Atomisierung der Stundentafeln?

"Atomisierung der Stundentafeln? Schulfächer und ihre Bezugsdisziplinen in der Sekundarstufe I" heißt das dritte Working Paper der iböb, verfasst von Reinhold Hedte und Carolin Uppenbrock.
Es setzt sich mit der Forderung der Wirtschaftsverbände auseinander, multidisziplinäre Schulfächer wie Sozialwissenschaften oder Politik/Wirtschaft ganz abzuschaffen und durch monodisziplinäre Fächer wie Wirtschaft (Wirtschaftswissenschaften) oder Politik (Politikwissenschaft) zu ersetzen.
Würde die Bildungspolitik dieses Prinzip "Eine Universitätsdisziplin - ein Schulfach" umsetzen, würde sich die Fächerstruktur der Schulen tief greifend ändern.
Da die Schulfächer der Sek I sind typischerweise multidiszplinär, müsste man sie in eine Vielzahl von Einzelfächern zerlegen. Aus Deutsch würden z. B. die Unterrichtsfächer Literaturwissenschaft, Linguistik und Kulturwissenschaften.
Die Studie untersucht, welche konkreten Folgen eine Umsetzung der politischen Forderungen der Wirtschaftslobby hätte.
Beispielsweise würden aus dem multidisziplinären Fach Sozialkunde sechs disziplinscharfe Fächer: Politik(wissenschaft), Wirtschaft(swissenschaft), Gesellschaft (Soziologie), Medien(wissenschaft), Erziehung(swissenschaft und Recht(swissenschaft. Für jedes dieser Kleinfächer stünde maximal ein Schuljahr lang eine Stunde pro Woche zur Verfügung.
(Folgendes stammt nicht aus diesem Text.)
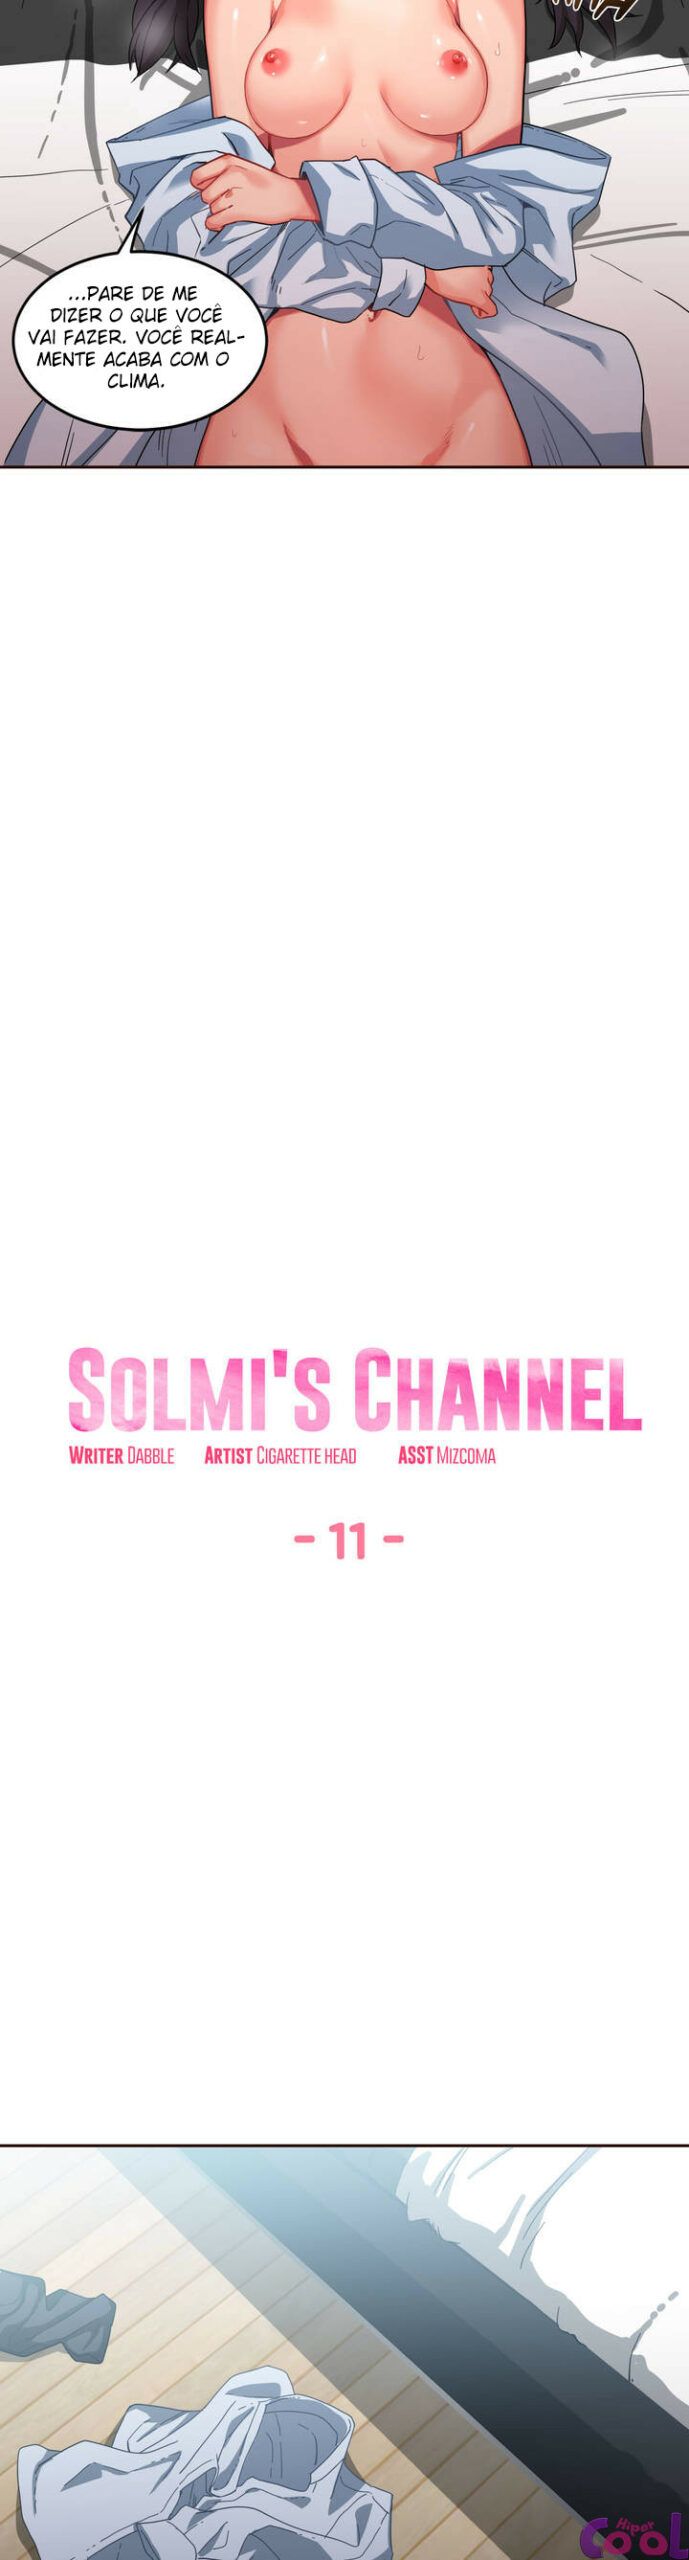 Solmis Channel 11

Die Folgen liegen auf der Hand: Es enstünden eine fragmentierte Lernkultur und eine additive Bildung. Die Vernetzung des Wissens und der Kompetenzen in den Köpfen der Lernenden ist ein schon heute kaum gelöstes Problem der Schulen. Durch eine Vielzahl disziplinscharfer Schulfächer würde es gänzlich unlösbar.
Die iböb.-Studie zeigt, dass sich durch die Schaffung vieler kleiner, disziplinscharfer Schulfächer der Anteil des fachfremd erteilten Unterrichts dauerhaft deutlich erhöhen würde (Fachlehrer-Paradox).
Sie legt auch ein Multidisziplinaritäts-Paradox offen: Einerseits fordern die Wirtschaftsverbände vehement, multidisziplinäre Unterrichtsfächer und interdisziplinäre Studienfächer wie Sozialwissenschaften abzuschaffen. Andererseits verlangen sie ebenso nachdrücklich, ein neues, multidiszpilinäres Schul- und Studienfach Wirtschaft einzuführen, das aus Volkswirtschaftslehre, Betriebswirtschaftslehre und Rechtswissenschaft bestehen soll.